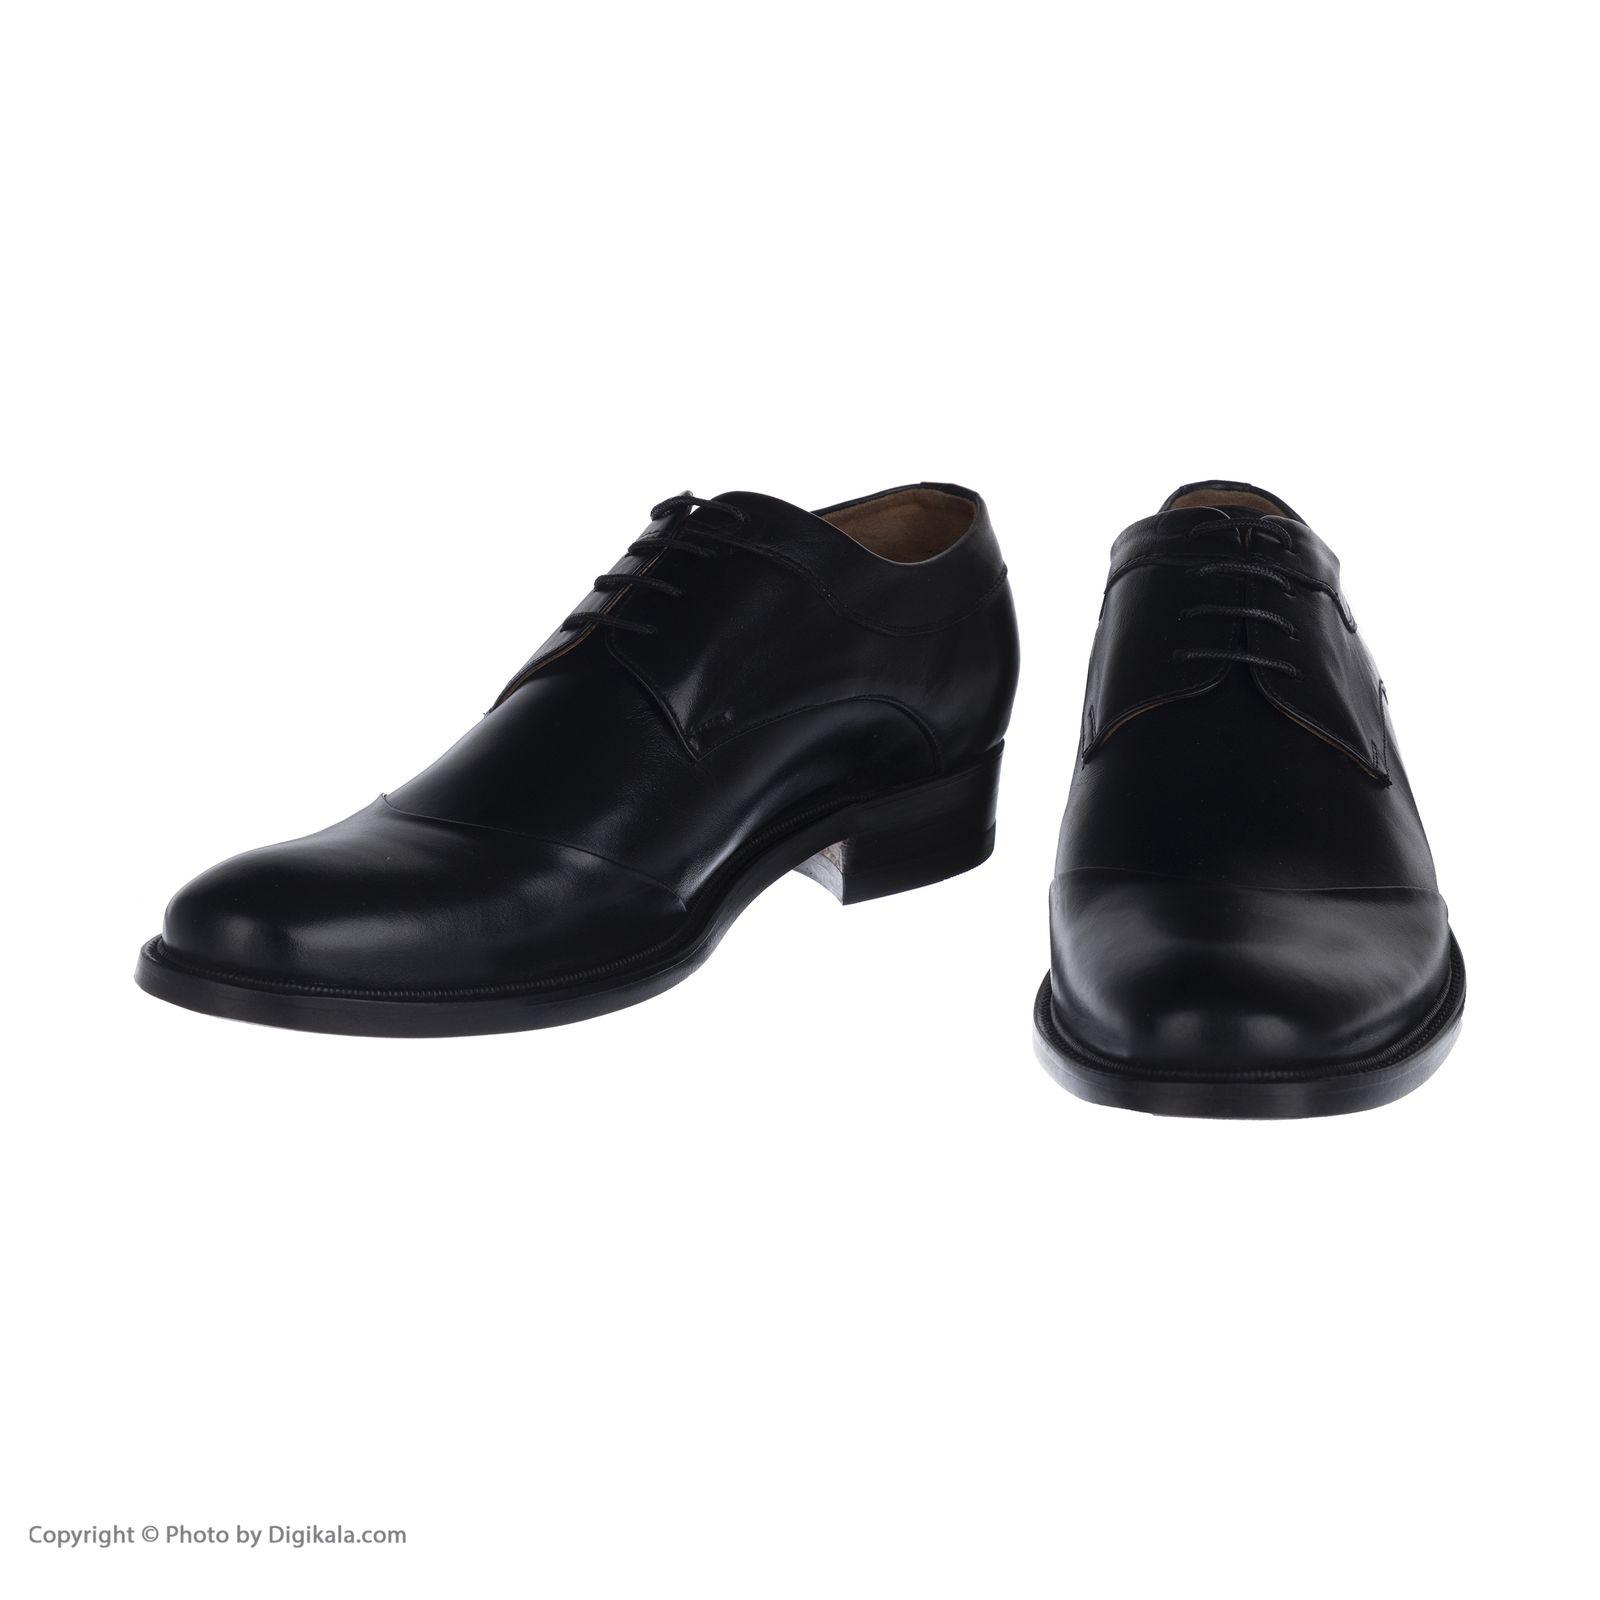 کفش مردانه نظری کد 423 -  - 4
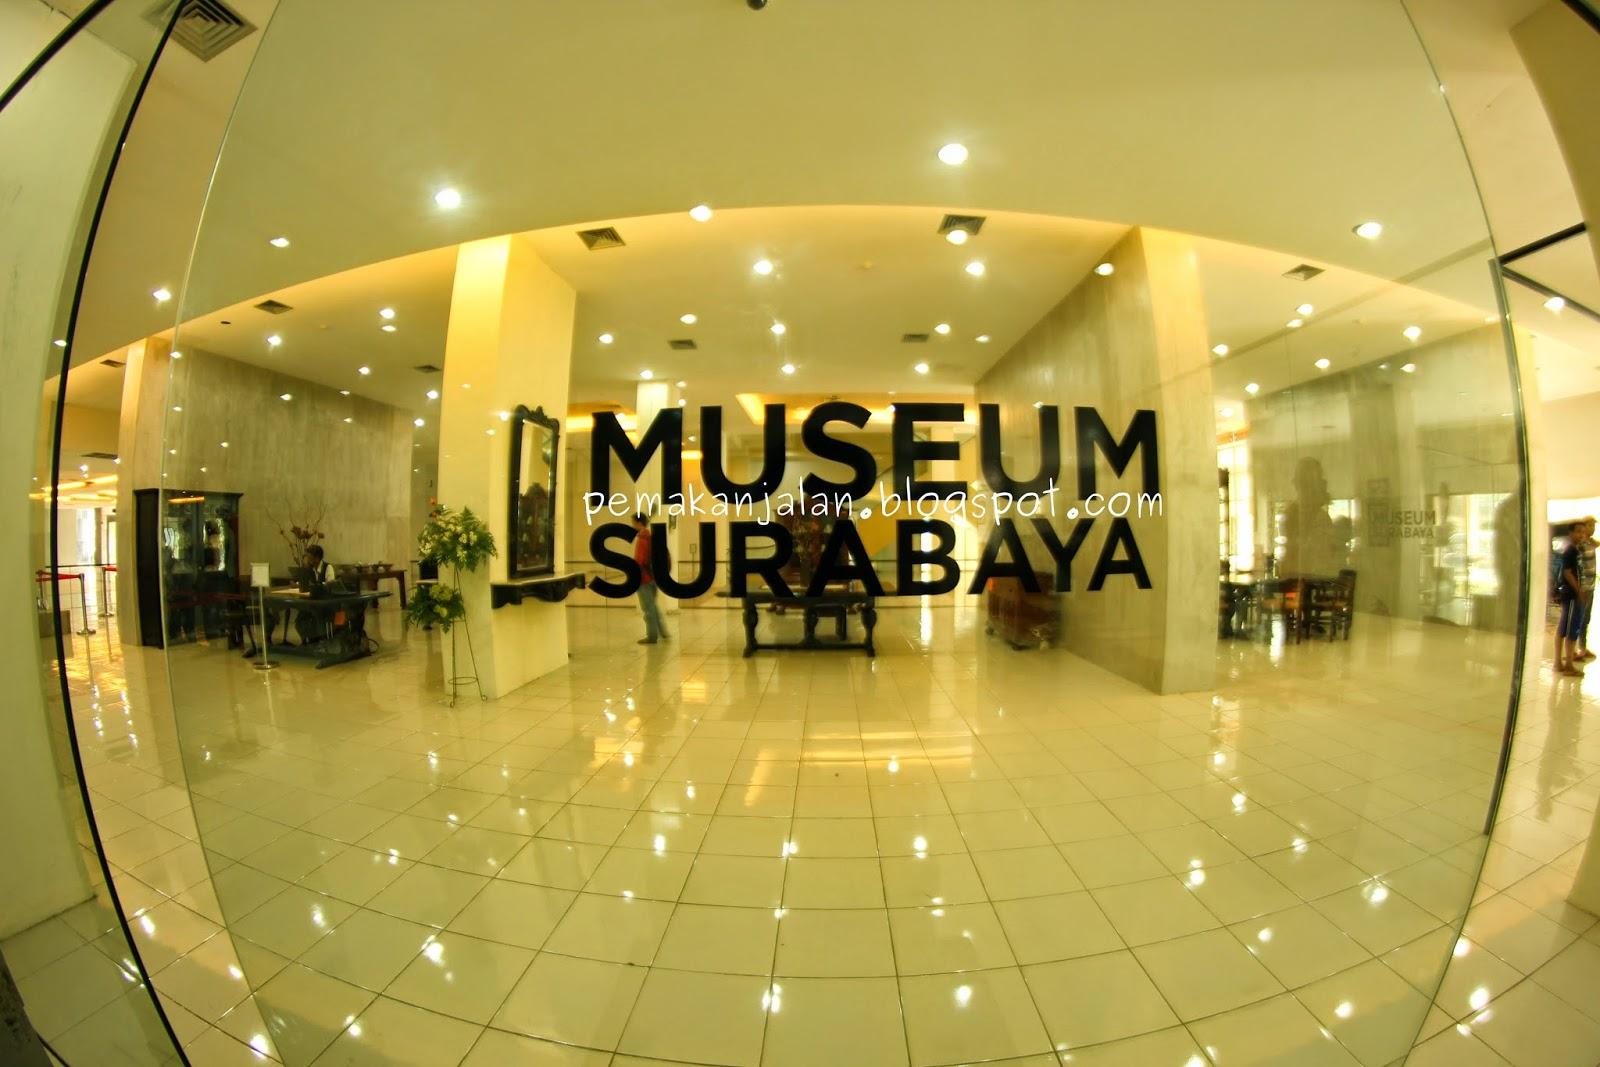 Alternatif Wisata Museum Surabaya Pemakan Jalan Gambar 2 Sebuah Kaca
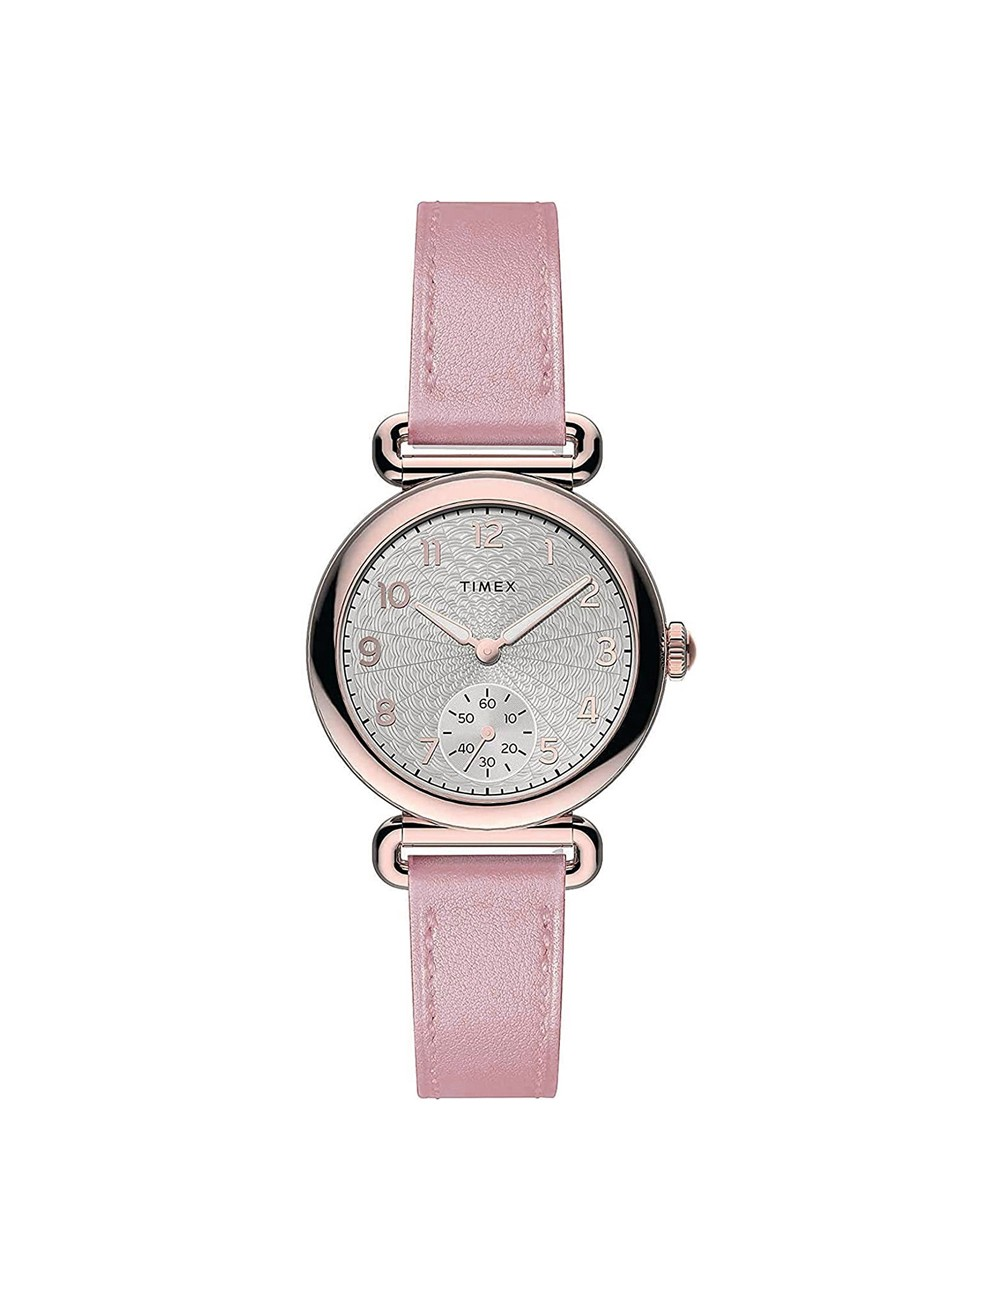 Timex Model 23 TW2T88400 Ladies Watch
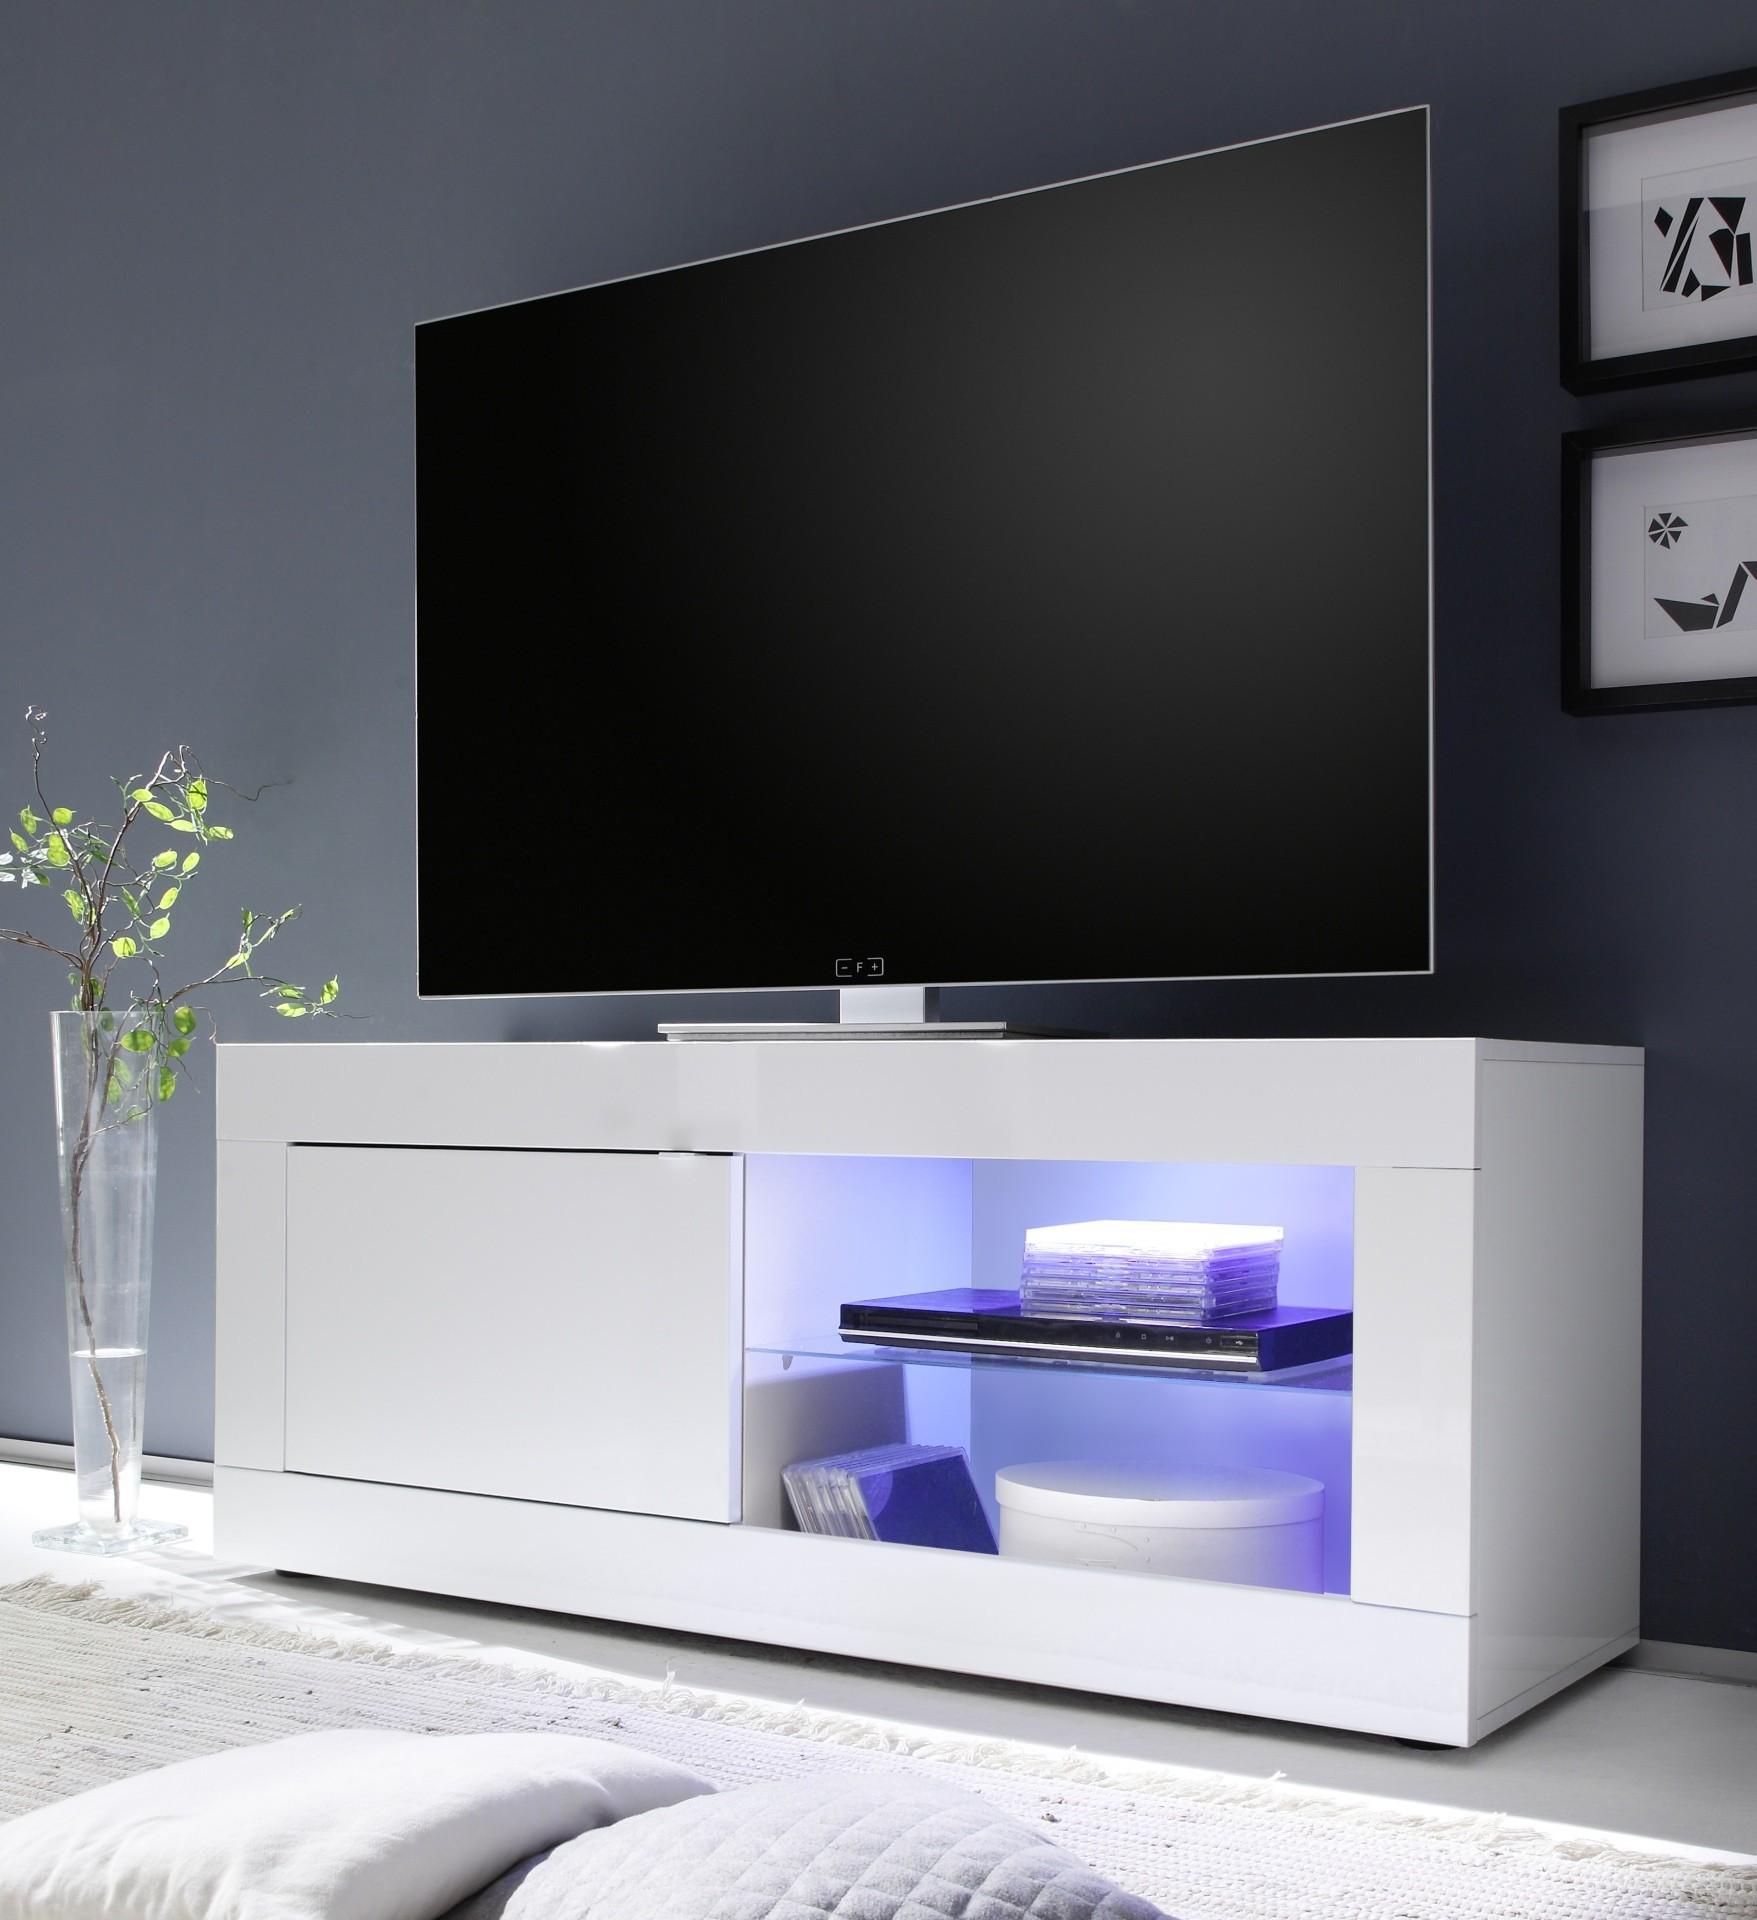 Meuble Tv Toronto Blanc 1 Porte 1 Niche Prix Discount Design Italie # Meuble Tv H Et H

| EXERCISE DIRECTIONS |
Give back the material word for word, without images.

| THE COMPLETED TASK |
 کفش مردانه نظری کد 423 -  - 4
 Alternatif Wisata Museum Surabaya Pemakan Jalan Gambar 2 Sebuah Kaca
 Timex Model 23 TW2T88400 Ladies Watch
 Meuble Tv Toronto Blanc 1 Porte 1 Niche Prix Discount Design Italie # Meuble Tv H Et H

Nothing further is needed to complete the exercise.